Description

Responsibility: 

  • Helping the product owner and development team to achieve project outcomes. Build stories and prioritize as per the requirement. 
  • Analyze data platform requirements and design and document solutions.
  • Build key infrastructure, frameworks and applications to support the needs of Data Engineers, Data Scientists and Business.
  • Improve SDLC processes with the team of engineers and DevOps.
  • Build effective/efficient and reusable data pipeline frameworks for various data source types, refresh patterns and transformations. 
  • Build data pipelines, jobs using Spark and Databricks to ingest into Data Lake/Delta Lake on AWS 
  • Support teams using the Data and AI/ML platform, design and validate their use case architecure, provide best practices for solutions, troubleshoot development issues with platform feature and frameworks.
  • Partner with team members, product owner and other stakeholder to ideate, review and align on data validation approach. 
  • Maintain end-end data security (both at rest, transit) and data sharing mechanisms.
  • Identify and build automation processes to support various data platform scenarios.
  • Design and build Dev/Data/MLOps processes using cloud services.

 

Qualification: 

  • Strong technical skills and experience working with and supporting multiple engineering teams.
  • Experience in building Big Data/ML/AI applications and optimizing data pipelines, architectures and data sets.
  • 5+ years of technical experience with big data technologies.
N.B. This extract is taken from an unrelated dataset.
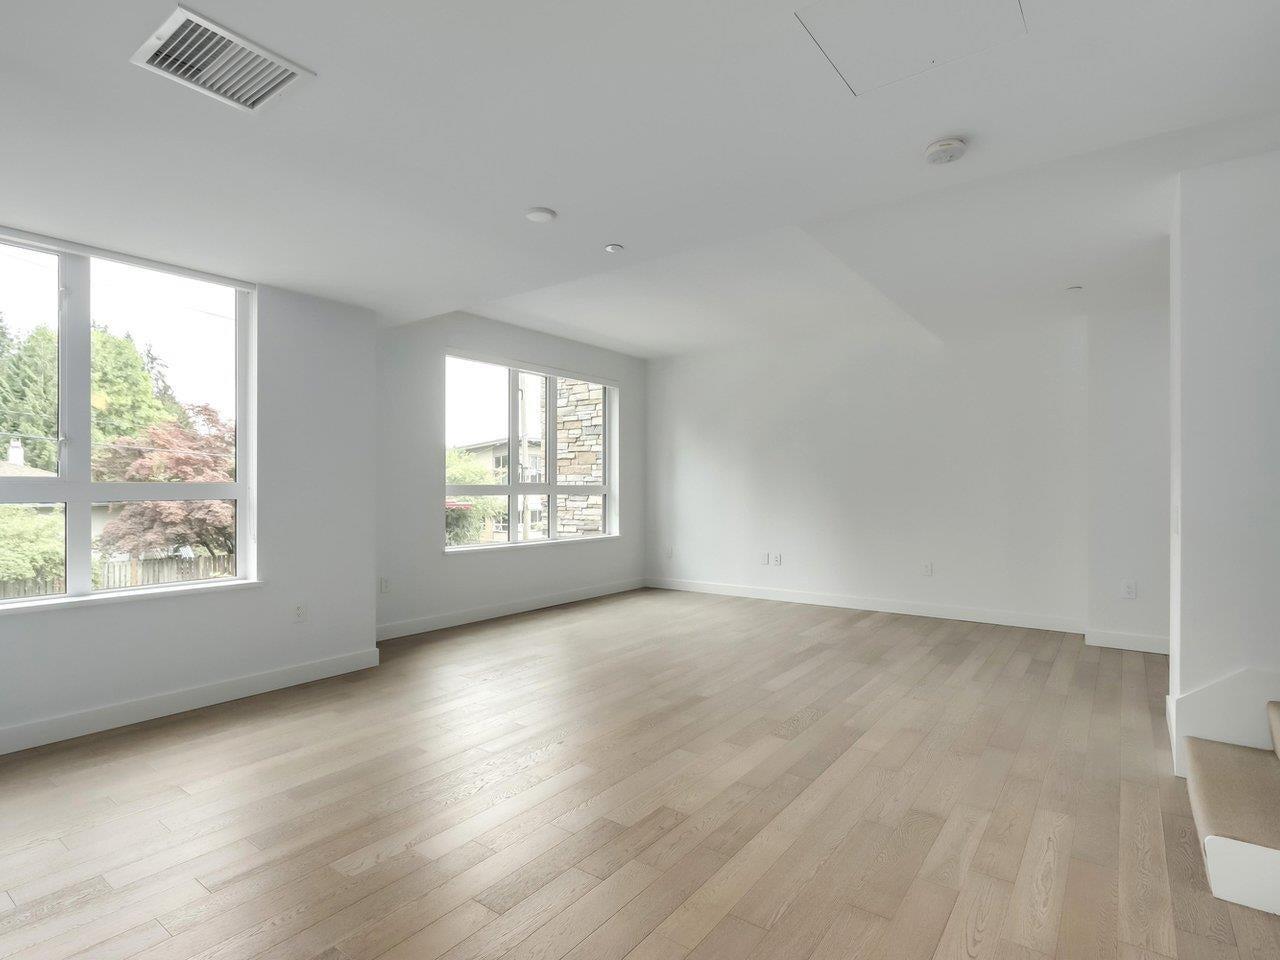 202 1055 RIDGEWOOD DRIVE - Edgemont Townhouse for sale, 3 Bedrooms (R2611487) - #6

They should also have experience using the following software/tools:
    • Experience with big data tools: Apache Spark, Databricks, Parquet/Delta, PySpark, SparkSQL, Spark Streaming, Kafka/Kinesis, S3, Glue
    • Experience with Databricks using Unity Catalog and MLFlow is a big plus
    • Experience with any relational/noSQL databases or any MPP databases like Snowflake and Redshift.
    • Experience with data pipeline and workflow management tools:  Step Functions, Airflow
    • Experience with AWS cloud services: EC2, EMR, RDS, Redshift, IAM, Security Group, VPC etc.
    • Experience developing in Python and Notebooks/IDE
    • Experience with Automation: Jenkins CI/CD, Terraform, CDK, Boto3

Education

Any Gradute